Диалогические отношения (в том числе и диалогические отношения говорящего к собственному слову) - предмет металингвистики. Но именно эти отношения, определяющие особенности словесного построения произведений Достоевского, нас здесь и интересуют.
В языке, как предмете лингвистики, нет и не может быть никаких диалогических отношений: они невозможны ни между элементами в системе языка (например, между словами в словаре, между морфемами и т. п.), ни между элементами "текста" при строго лингвистическом к нему подходе. Не может их быть ни между единицами одного уровня, ни между единицами разных уровней. Не может их быть, конечно, и между синтаксическими единицами, например, между предложениями, при строго лингвистическом к ним подходе.
Не может быть диалогических отношений и между текстами, опять же при строго лингвистическом подходе к этим текстам. Любое чисто лингвистическое сопоставление и группировка любых текстов обязательно отвлекается от всех возможных между ними, как целыми высказываниями, диалогических отношений.
Лингвистика знает, конечно, композиционную форму "диалогической речи" и изучает синтаксические и лексико-семантические особенности её. Но она изучает их как чисто лингвистические явления, то есть в плане языка, и совершенно не может касаться специфики диалогических отношений между репликами. Поэтому при изучении "диалогической речи" лингвистика должна пользоваться результатами металингвистики.
Диалогические отношения, таким образом, внелингвистичны. Но в то же время их никак нельзя оторвать от области слова, то есть от языка как конкретного целостного явления. Язык живёт только в диалогическом общении пользующихся им. Диалогическое общение и есть подлинная сфера жизни языка. Вся жизнь языка, в любой области его употребления (бытовой, деловой, научной, художественной и др.), пронизана диалогическими отношениями. Но лингвистика изучает сам "язык" с его специфической логикой в его общности, как то, что делает возможным диалогическое общение, от самих же диалогических отношений лингвистика последовательно отвлекается. Отношения эти лежат в области слова, так как слово по своей природе диалогично, и поэтому должны изучаться металингвистикой, выходящей за пределы лингвистики и имеющей самостоятельный предмет и задачи.
Диалогические отношения не сводимы и к отношениям логическим и предметносмысловым, которые сами по себе лишены диалогического момента.

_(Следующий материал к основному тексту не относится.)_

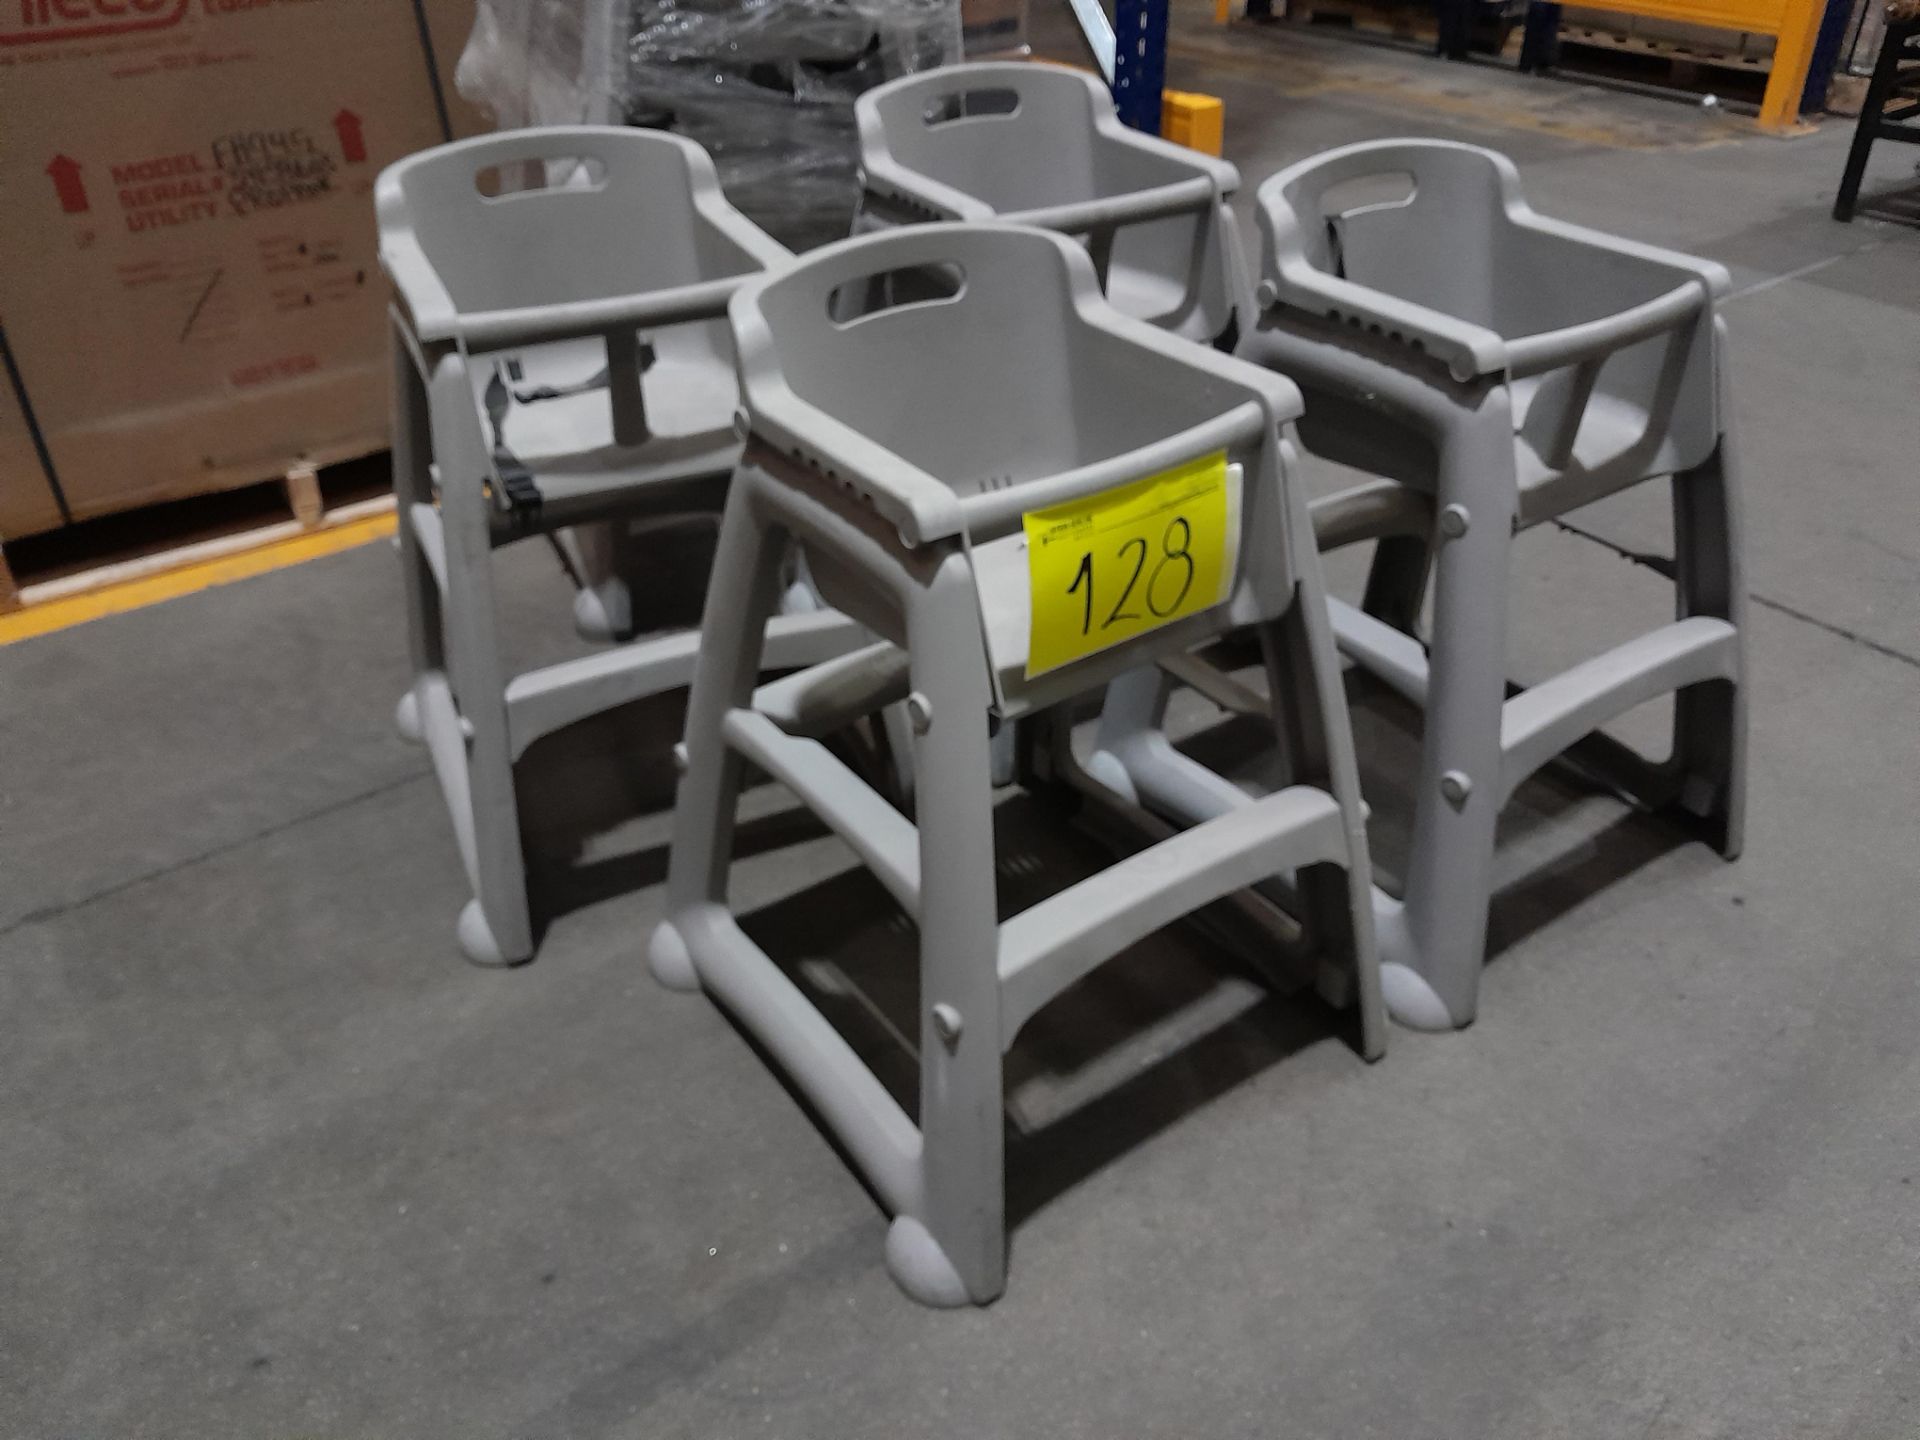 Lote de 7 sillas periqueras para niño, color gris (Equipo usado) - Image 2 of 4

Они должны облечься в слово, стать высказываниями, стать выраженными в славе позициями разных субъектов, чтобы между ними могли возникнуть диалогические отношения.

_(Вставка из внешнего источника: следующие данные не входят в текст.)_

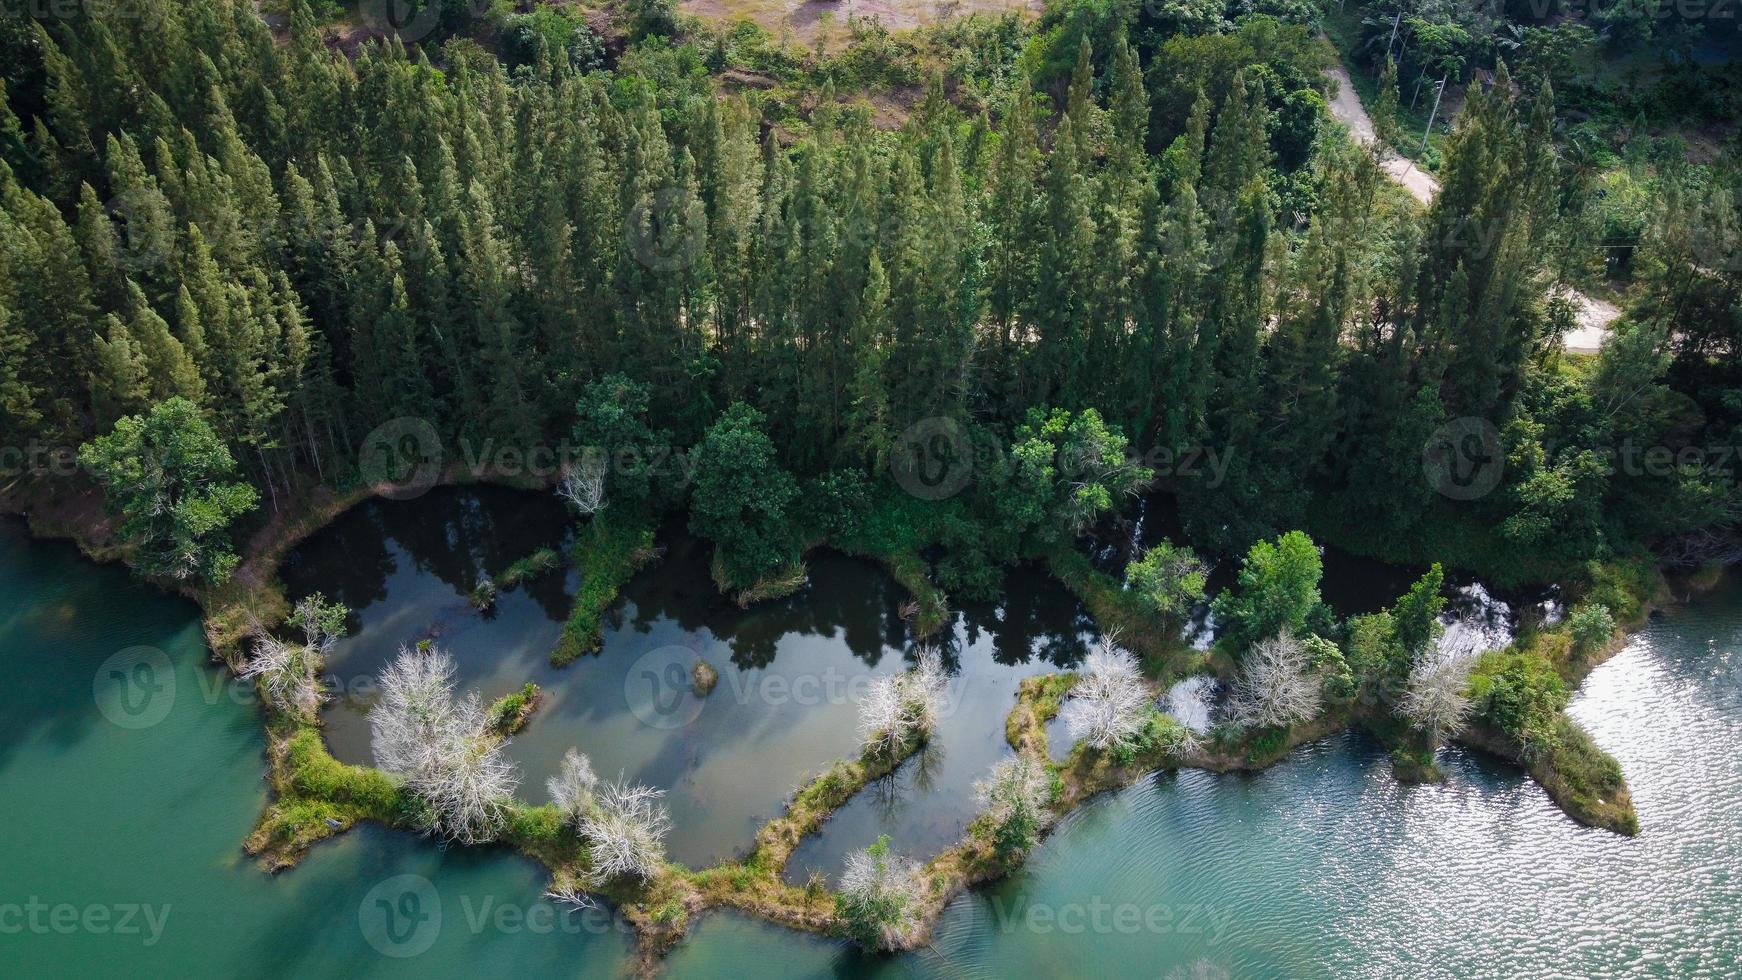 Vista aérea del lago y el bosque de pinos en el parque público liwong, chana, tailandia foto

"Жизнь хороша". "Жизнь не хороша". Перед нами два суждения, обладающие определённой логической формой и определённым предметно-смысловым содержанием (философские суждения о ценности жизни). Между этими суждениями есть определённое логическое отношение: одно является отрицанием другого. Но между ними нет и не может быть никаких диалогических отношений, они вовсе не спорят друг с другом (хотя они и могут дать предметный материал и логическое основание для спора). Оба этих суждения должны воплотиться, чтобы между ними или к ним могло возникнуть диалогическое отношение. Так, оба этих суждения могут, как теза и антитеза, объединиться в одном высказывании одного субъекта, выражающем его единую диалектическую позицию по данному вопросу. В этом случае диалогических отношений не возникает. Но если эти два суждения будут разделены между двумя разными высказываниями двух разных субъектов, то между ними возникнут диалогические отношения.